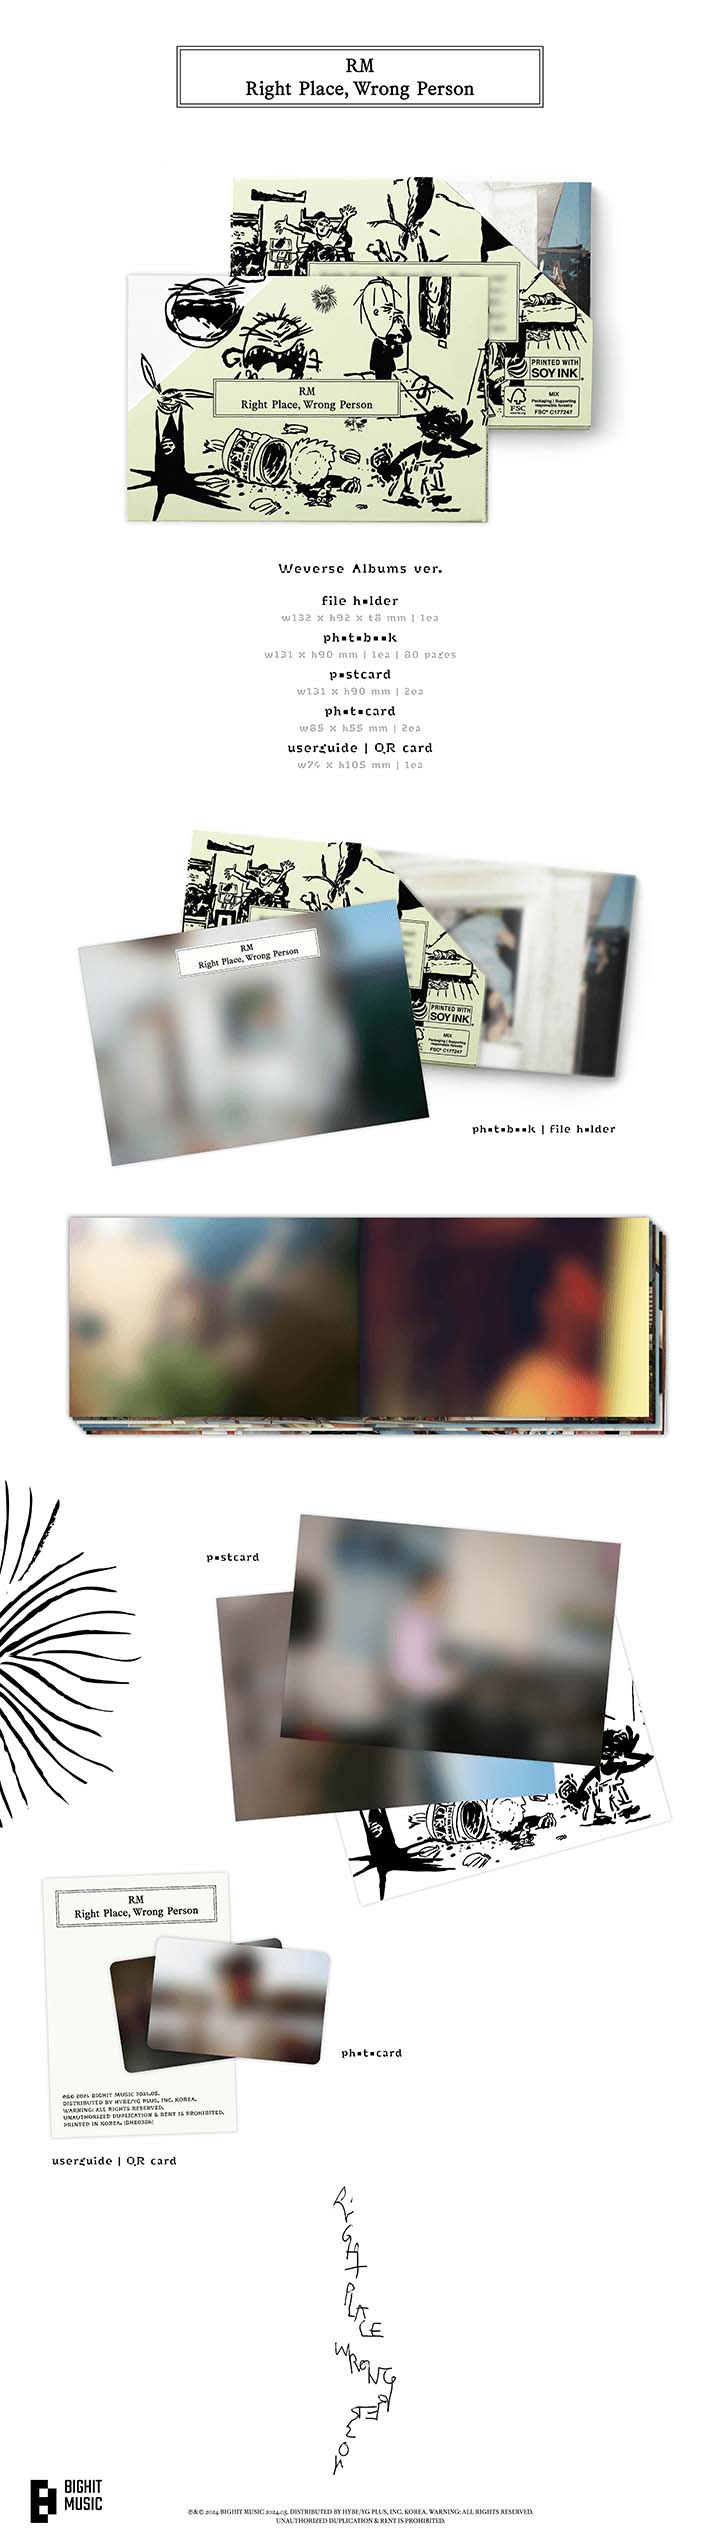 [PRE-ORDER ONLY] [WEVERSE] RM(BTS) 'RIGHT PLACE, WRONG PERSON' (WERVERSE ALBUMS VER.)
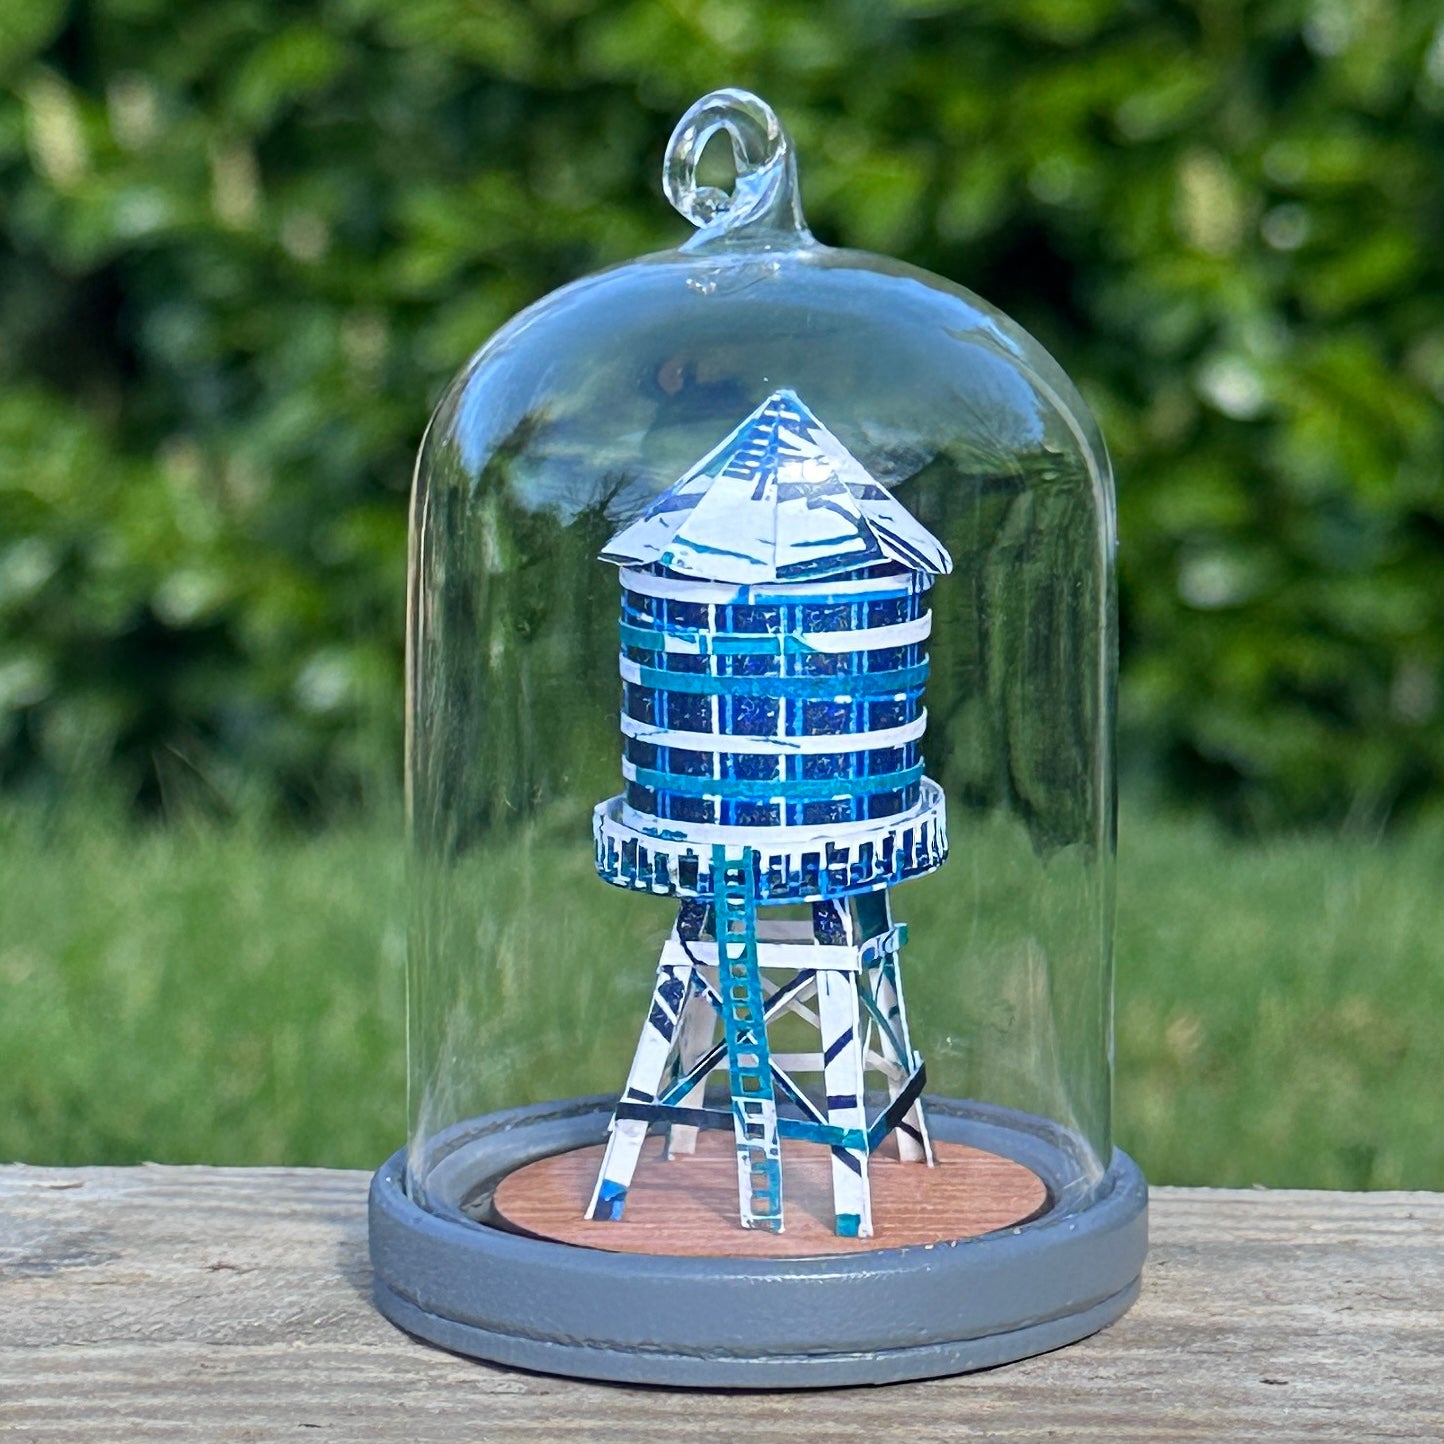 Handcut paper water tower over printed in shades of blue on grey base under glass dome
---
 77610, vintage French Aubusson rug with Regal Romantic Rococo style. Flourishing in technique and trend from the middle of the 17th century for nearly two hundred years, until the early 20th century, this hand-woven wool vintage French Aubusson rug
--
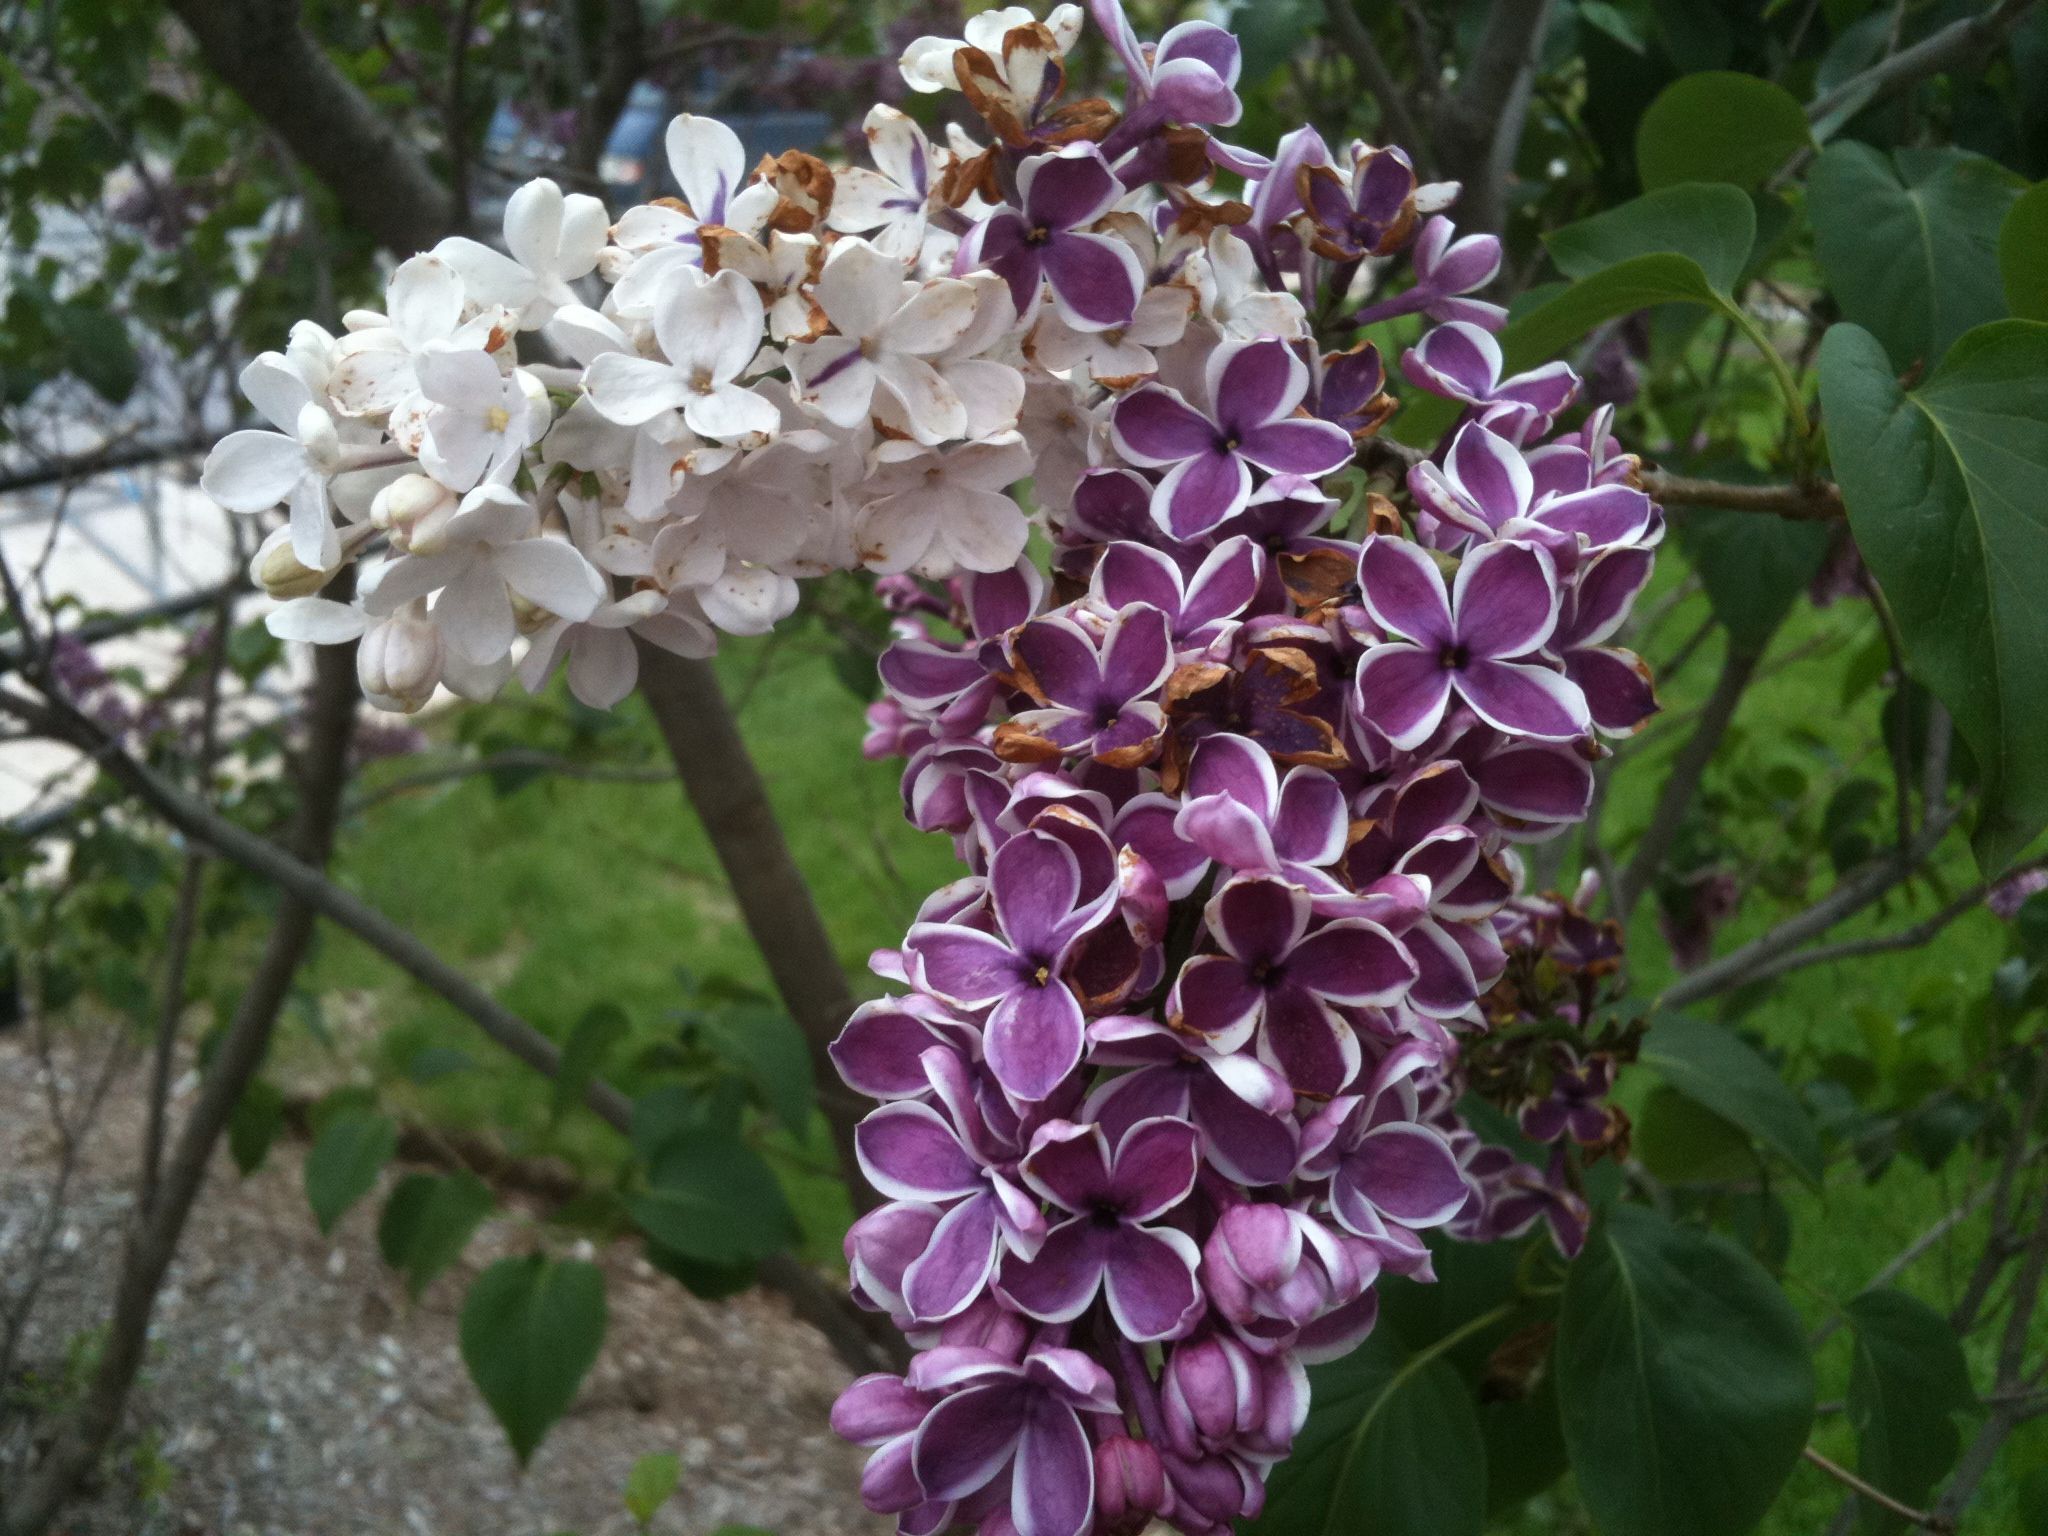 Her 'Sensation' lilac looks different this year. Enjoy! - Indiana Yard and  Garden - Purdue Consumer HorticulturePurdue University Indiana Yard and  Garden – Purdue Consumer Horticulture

**Work request:** From the records above, transcribe only the stretch from the line with "[PRE-ORDER ONLY] [WEVERSE]" through the line with "Handcut paper water", keeping both ends. Omit pictures.

**Result below:**
 [PRE-ORDER ONLY] [WEVERSE] RM(BTS) 'RIGHT PLACE, WRONG PERSON' (WERVERSE ALBUMS VER.)
 Handcut paper water tower over printed in shades of blue on grey base under glass dome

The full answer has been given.